Синявин сделал нам всем три поясных поклона.
— Исповедь греха моего, который я скрывал даже на духу в течение двадцати лет!
Он в коротких словах рассказал историю своего поступка с Парфенычем, уже известную читателям.
— Просветленный пастырским словом, хочу я смыть с души моей этот тяжкий грех. Горячо, придя от обедни, молился я, и Господь вразумил меня. Ни мне, ни Алексею Парфеновичу не нужно богатство — о другом богатстве помышлять нам пора, — а потому все свое состояние передаю я сыну его, Петру Алексеевичу. Вас прошу я это оформить по закону, но, слышите, все-все! — закончил он свою речь, уже обращаясь ко мне.
Я молча поклонился в знак согласия, положительно потрясенный всей этой сценой.
— А теперь я могу с чистым сердцем попросить у тебя, Алексей Парфенович, прощения.
Синявин упал в ноги старику, обливаясь слезами. Тот поднял его и трижды облобызал. Оба несколько времени искренно плакали.
Все присутствующие хранили гробовое молчание. Его нарушил Петр Алексеевич.
— Надо ведь и меня стоит спросить: соглашусь ли я сам принять этот дар?
Все в недоумении установились на него.
— Я согласен только при условии, что это состояние я получу как приданое за моей будущей женой, а вашей дочерью — Надеждой Гавриловной! — твердым голосом продолжал молодой человек, обращаясь к Гаврилу Семеновичу.

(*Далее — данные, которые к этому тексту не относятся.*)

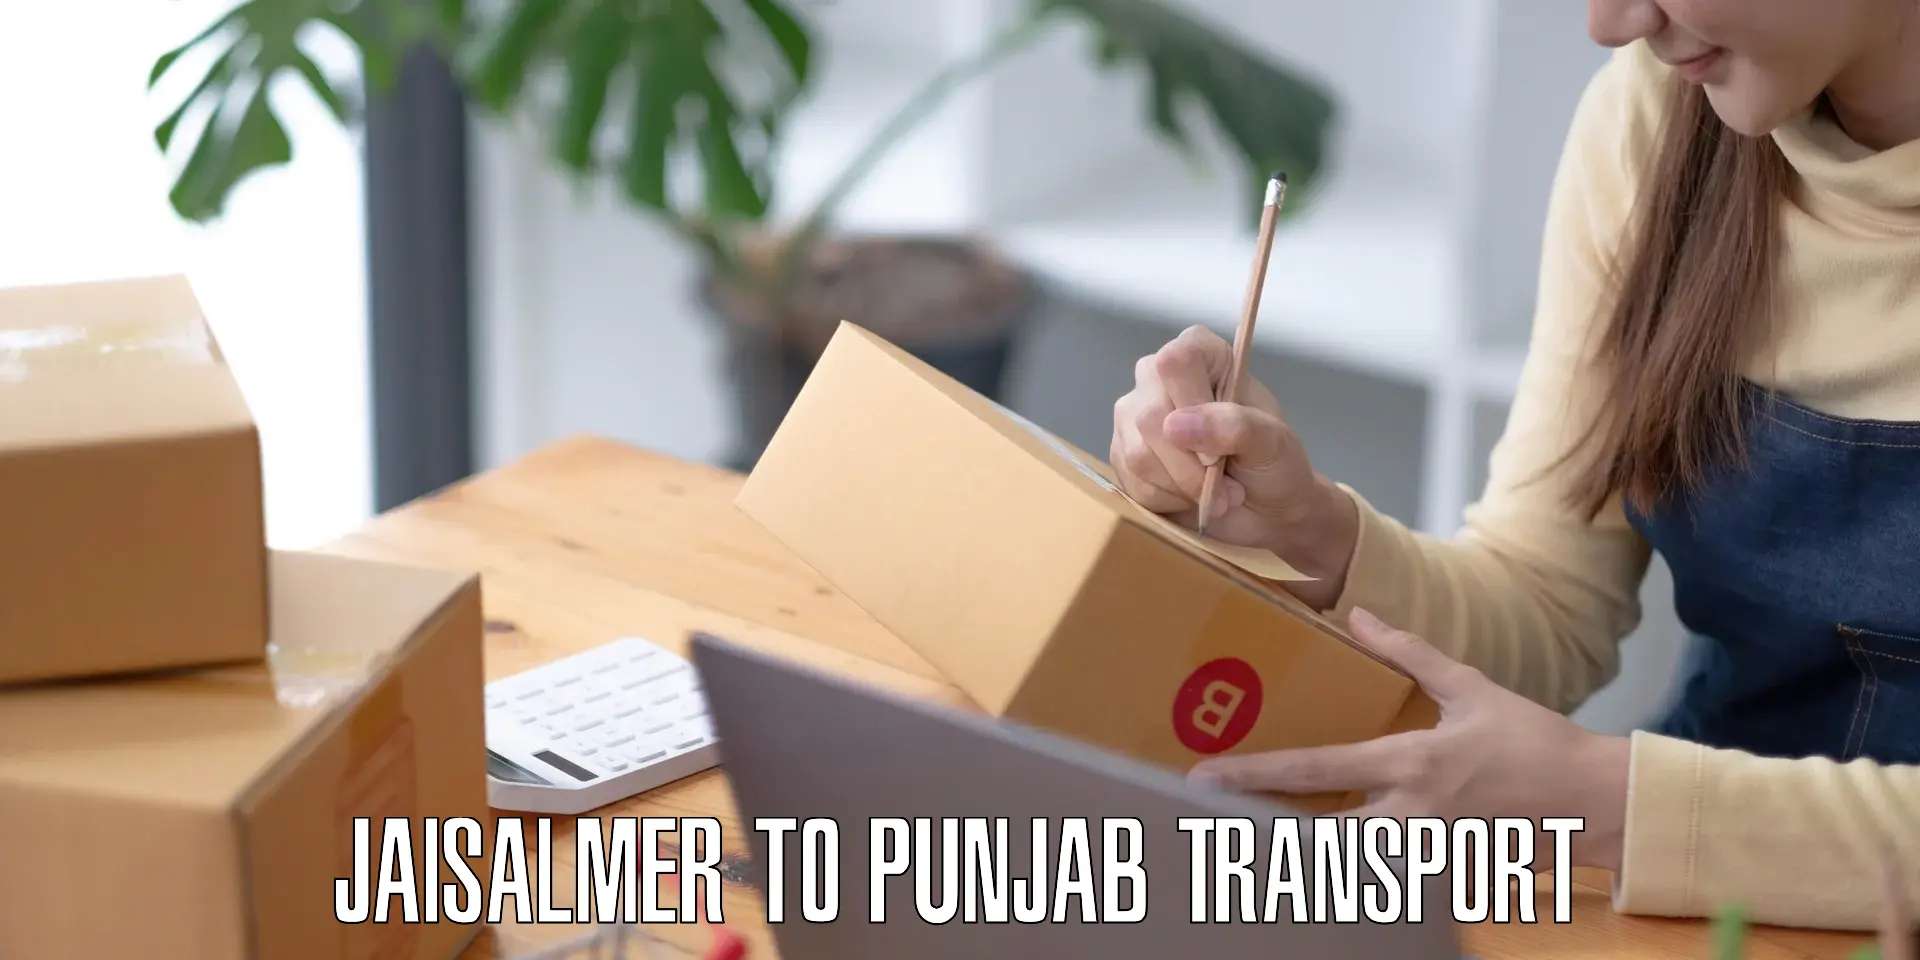 Furniture transport service Jaisalmer to Punjab
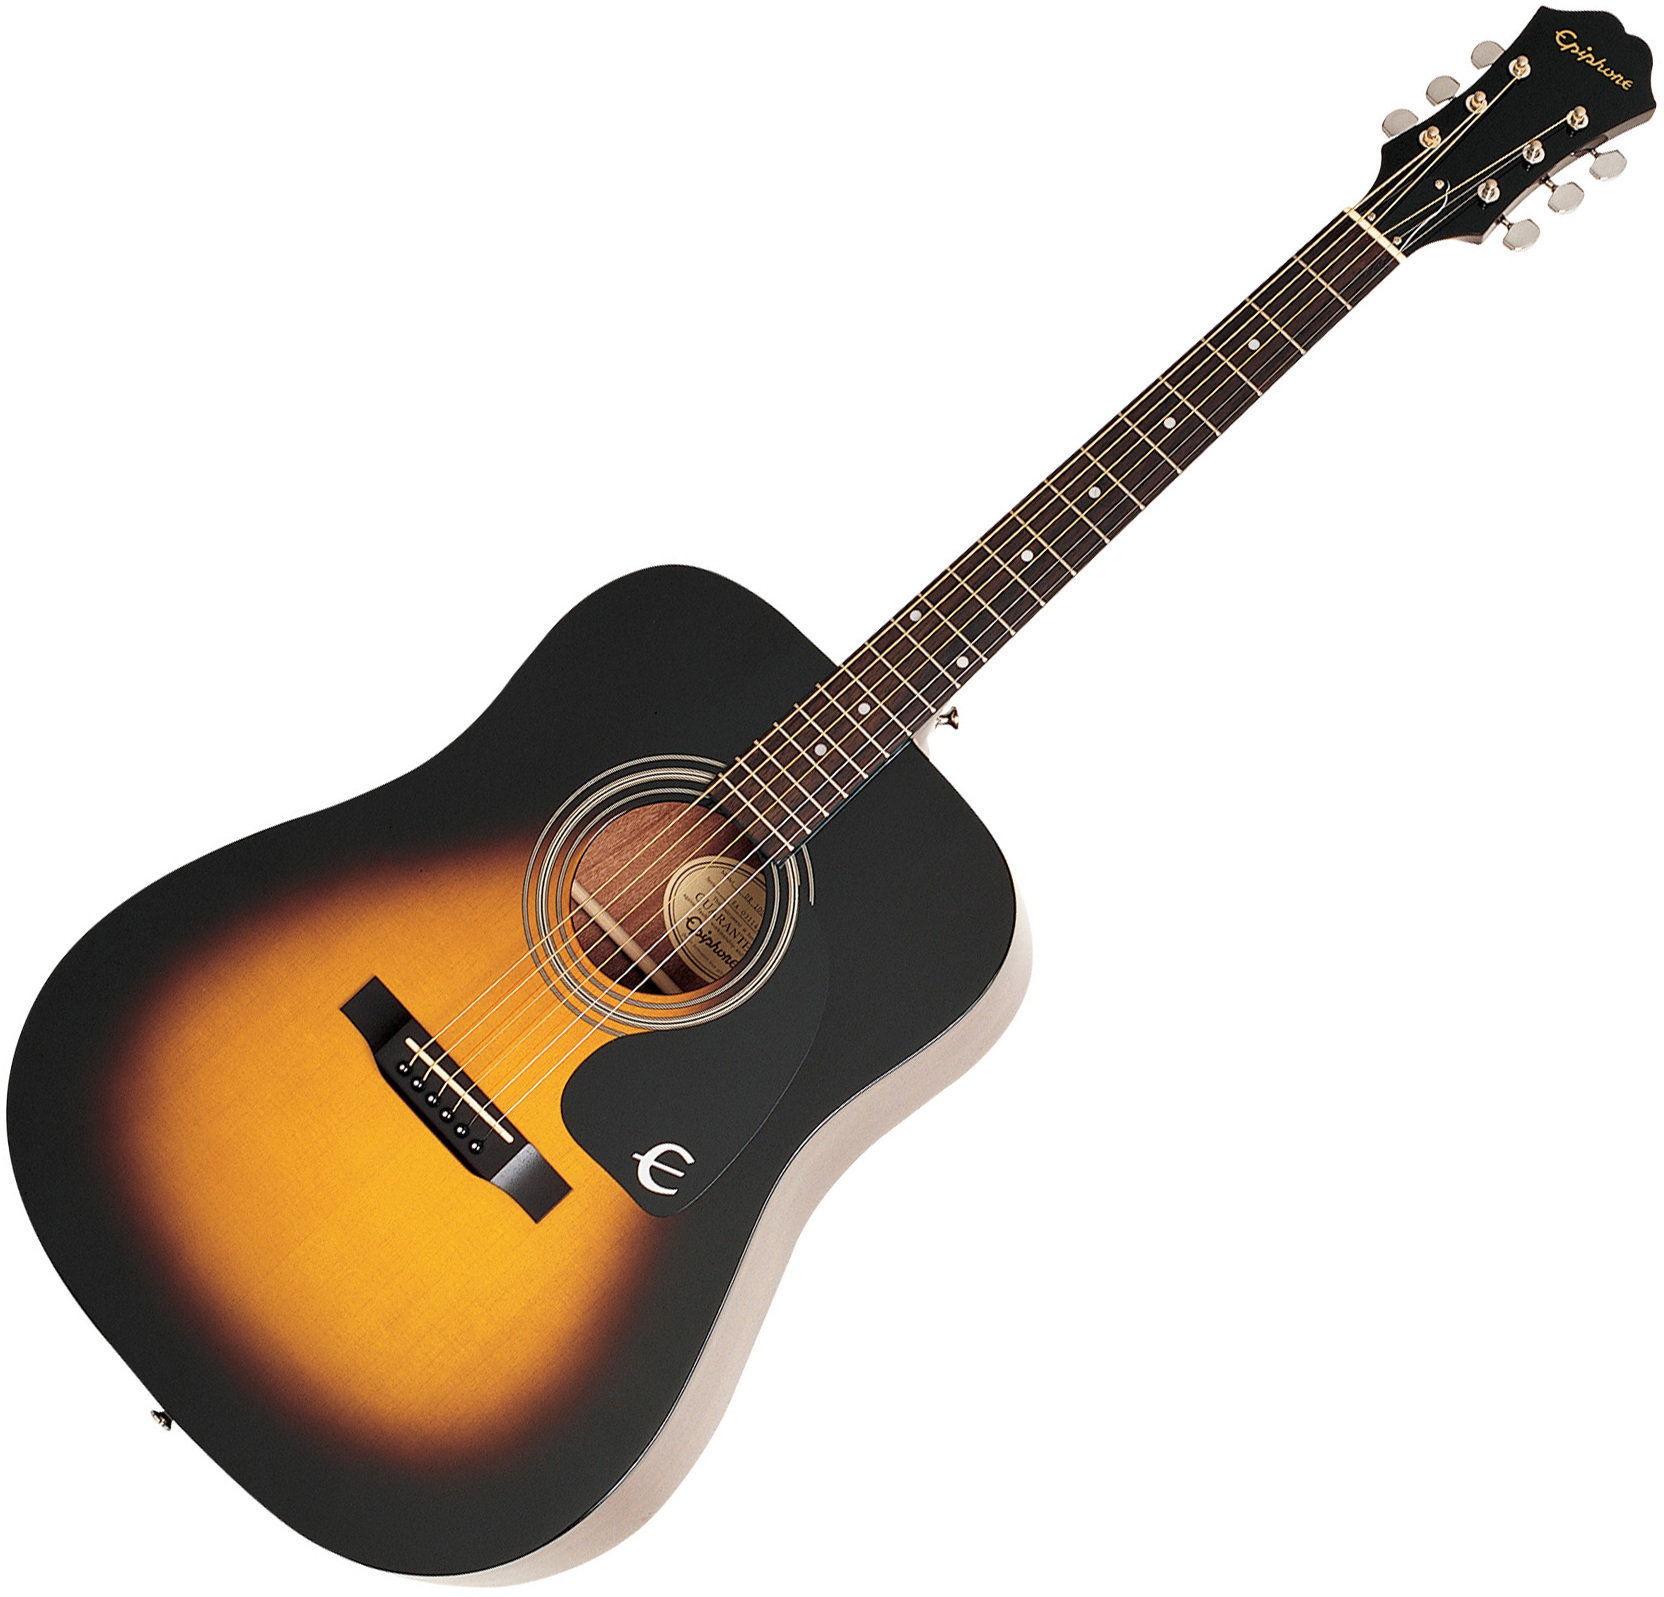 Akustična gitara Epiphone DR-220S VS
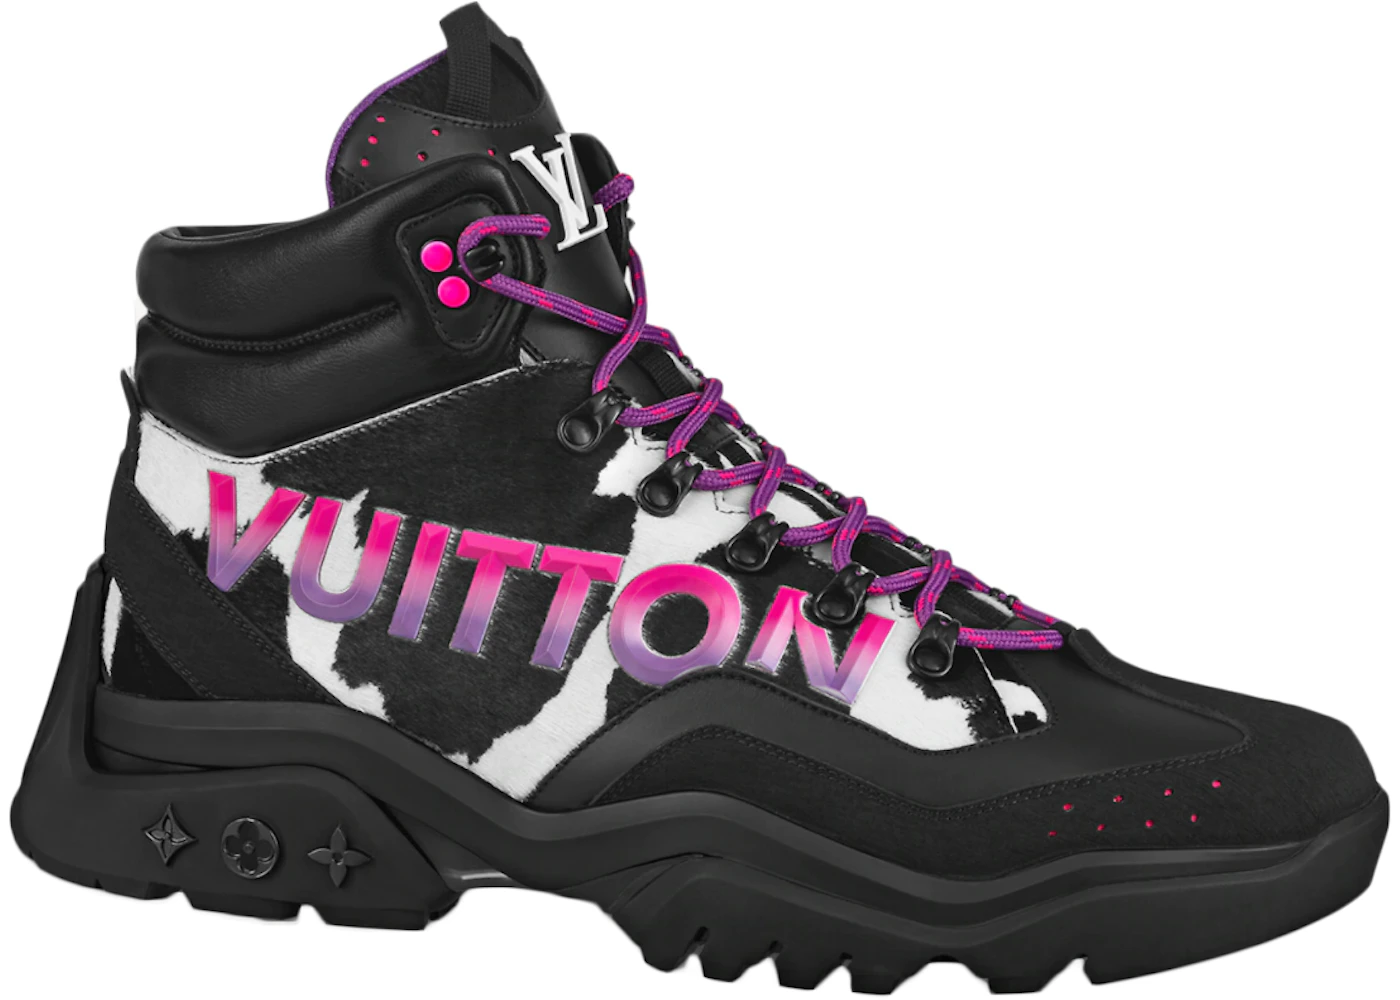 Louis Vuitton Millenium Ankle Boot Black Pink Men's - 1A995F - US
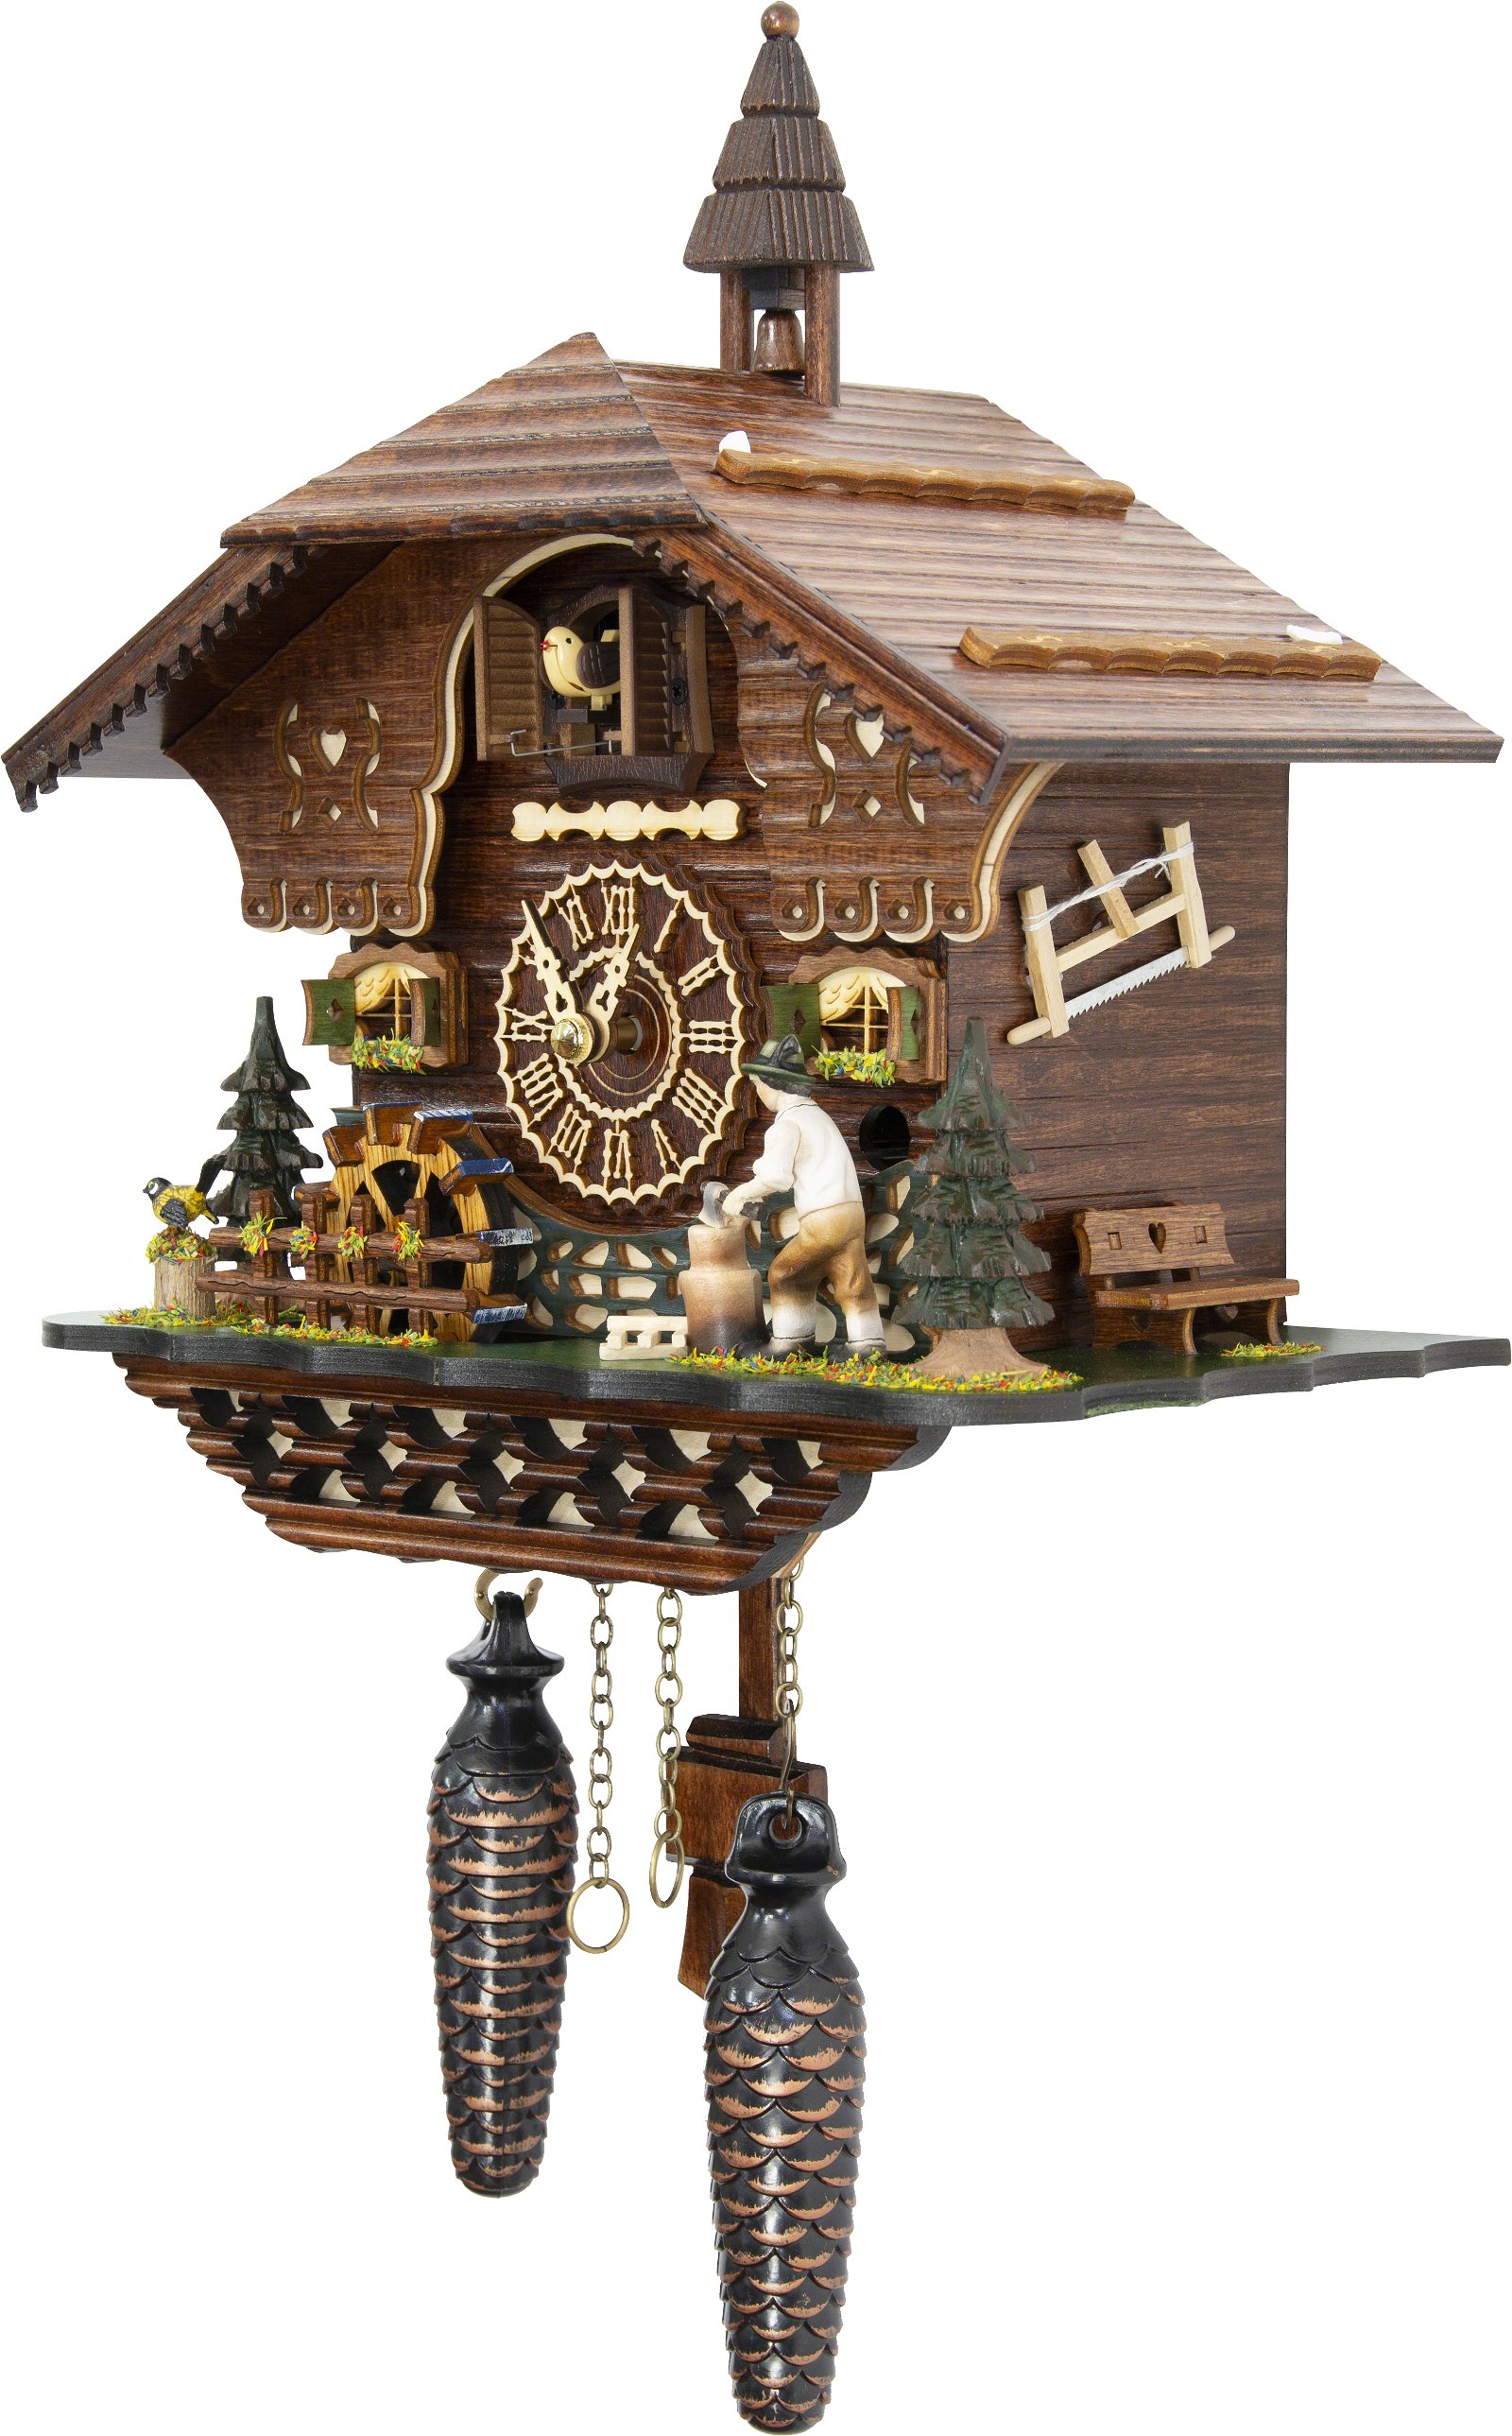 Kuckucksuhr Chalet-Stil Quarz-Uhrwerk 30cm von Trenkle Uhren

Он подошел к зардевшейся, как маков цвет, девушке, взял ее за руку и подвел к отцу.
— Благословите…
— Ин будь по-твоему! Благодари отца Алексея, просветившего душу мою. Заикнись ты вчера… и в глазах Синявина мелькнул на секунду прежний огонек самодурства, но тотчас угас. Он обнял жениха и невесту. Отец Алексей, по согласию обоих родителей, тоже благословил их.
Все успокоились и сели за стол, на котором появились дымящиеся блины и всевозможные разносолы.
Во время Великого поста я устроил перевод состояния, а на Красной горке Надежда Гавриловна стала госпожой Парфеновой.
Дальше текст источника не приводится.